The total interval shown is oil saturated. The presence of low permeability horizontal barriers is clearly seen, and the higher permeability and porosity zones to be perforated are easily identified. In thick carbonate reservoirs, failure to recognize the presence of low permeability lateral barriers can result in oil being left unrecovered behind casing. The zones separated by the low permeability barriers will waterflood at different rates, depending upon the magnitude of permeability. This zonation must be accounted for in reservoir engineering studies and simulation models.

Sidewall Core Analysis

The irregular intervals of sidewall core samples reduce the usefulness of a graphical presentation of the sidewall data. Because of this, tabular information, as shown in Figure 16, is all that is normally presented in core analysis reports. Data from multiple zones are often seen in a single report.

Four separate zones of good porosity and permeability are illustrated in Figure 16. The upper zone is interpreted to be oil productive, but to include an oil-water contact between 8221 ft and 8225 ft. This contact is indicated by the loss of residual oil and increase in total water saturation below 8221 ft. No hydrocarbon odor and no fluorescence were observed in the zone interpreted to produce water.

The zone between 8484 ft and 8513 ft is interpreted to be gas condensate productive in the upper portion. This overlies an oil column, with an oil-water contact below 8508 ft.

The lower two zones are both interpreted to be water bearing. This interpretation is based on the existence of low to zero oil saturation, high total water content, and no hydrocarbon odor or fluorescence.

Several pieces of data unique to sidewall analysis are shown.

The column “Rec In” refers to the length in inches of the sidewall sample recovered.
“Oil % Bulk” and “Gas % Bulk” equal, respectively, the cubic centimeters of corrected oil and gas volumes in the analyzed sample, divided by the bulk volume of the sample. This fraction has been multiplied by 100 to yield the percent data shown.
“Gas Det” is the result of a measurement to detect hydrocarbon vapors in the sidewall glass container. A reading greater than zero is a positive indicator of hydrocarbons. If at zero, it means only that vapors were not present at the time of testing. They may have escaped from the bottle; therefore a zero reading is not necessarily a negative indicator.
“Crit Wtr %” defines the maximum water saturation a sample with the measured permeability and porosity can retain, and yet not produce water. This value is determined independently, using special core analysis data, and then correlated with basic core analysis permeability and porosity information. In subsequent wells, knowledge of permeability and porosity allows estimation of the critical water saturation.
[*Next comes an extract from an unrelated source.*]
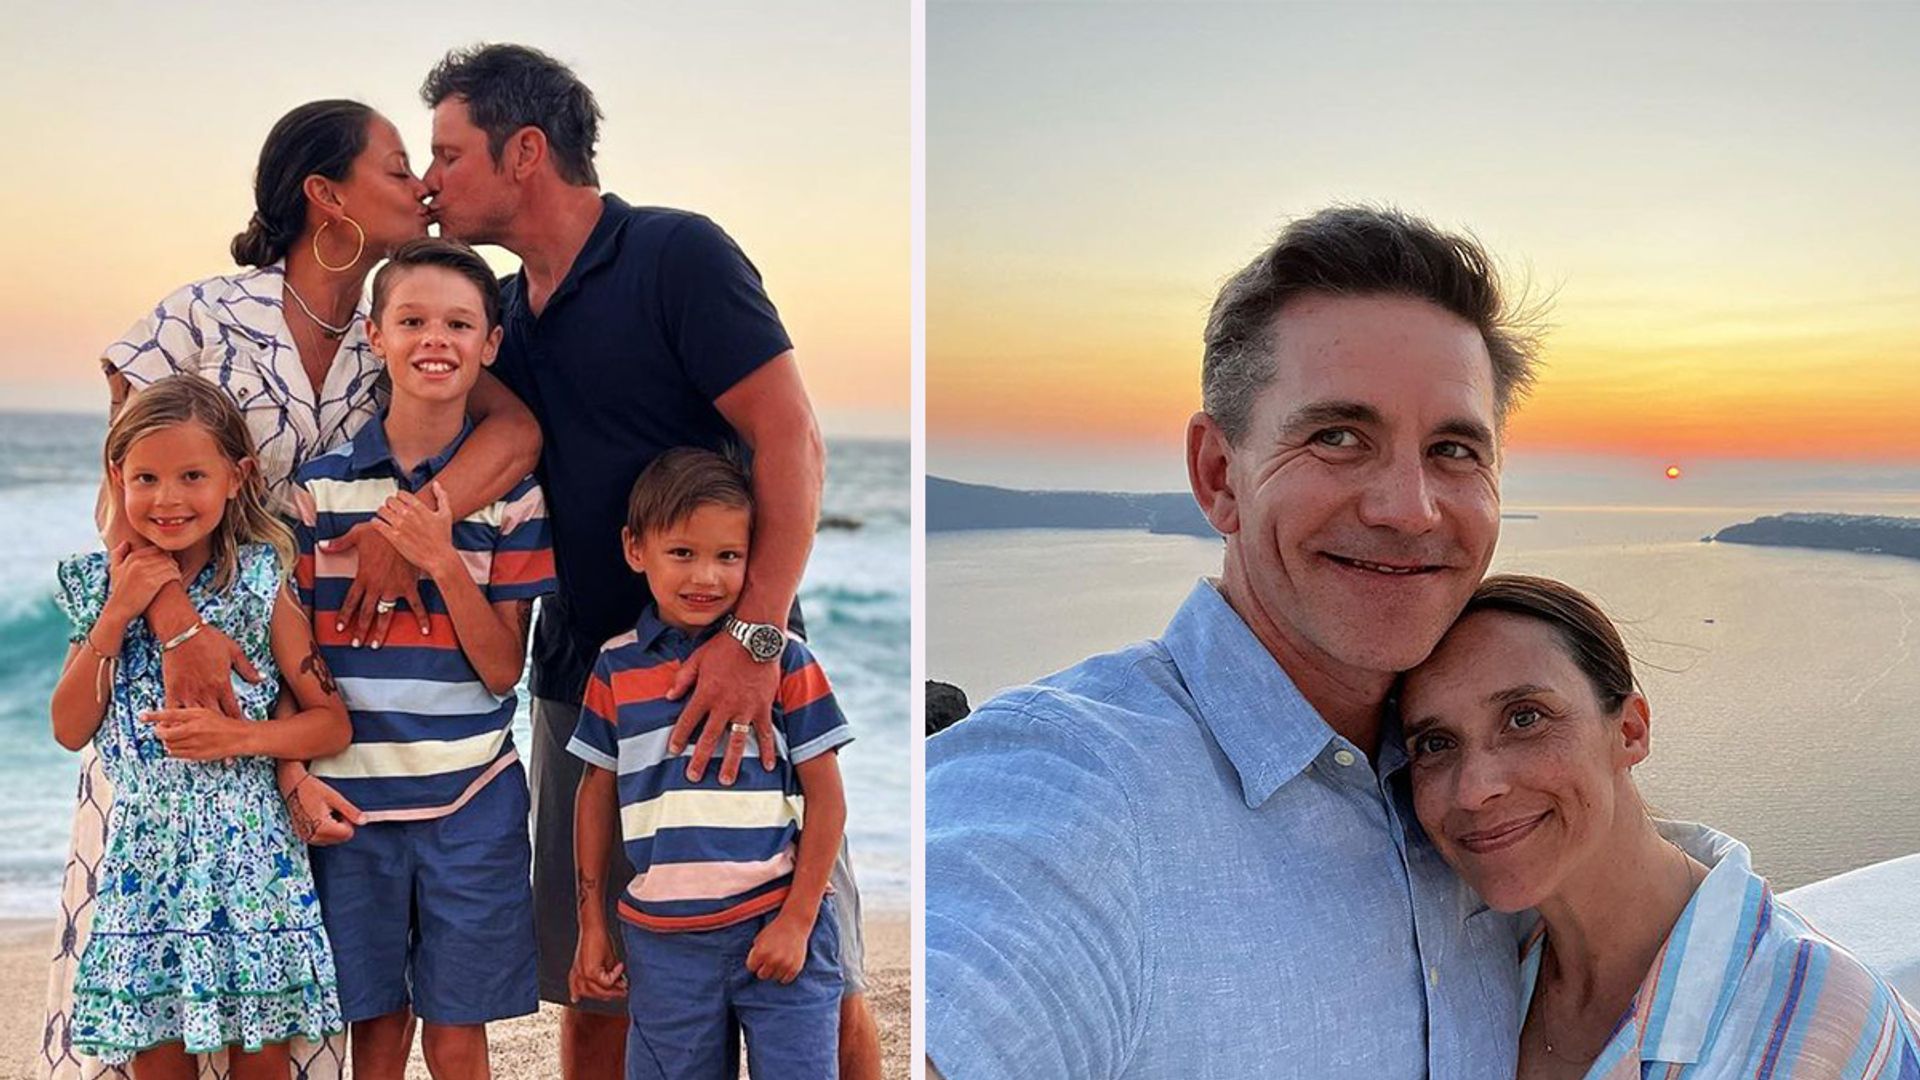 Vanessa Lachey and family, Brian Dietzen and wife, split image

The critical water value should be compared to the reservoir in-place water saturation that has been calculated from downhole LWD and wireline well logs. If the in-place water saturation does not exceed the critical value, the well will produce only hydrocarbons. These data are particularly important in low permeability reservoirs whose critical water saturation can be as much as 60% and occasionally greater, yet will still produce only hydrocarbons with no water. Without a knowledge of the permeability and porosity from core data and the estimate of high critical water saturation, a well that has been evaluated on the basis of well logs alone may not be tested further or may be abandoned on the basis of its high level of log-calculated water. This water, although present, is held in place by capillary forces and will not flow.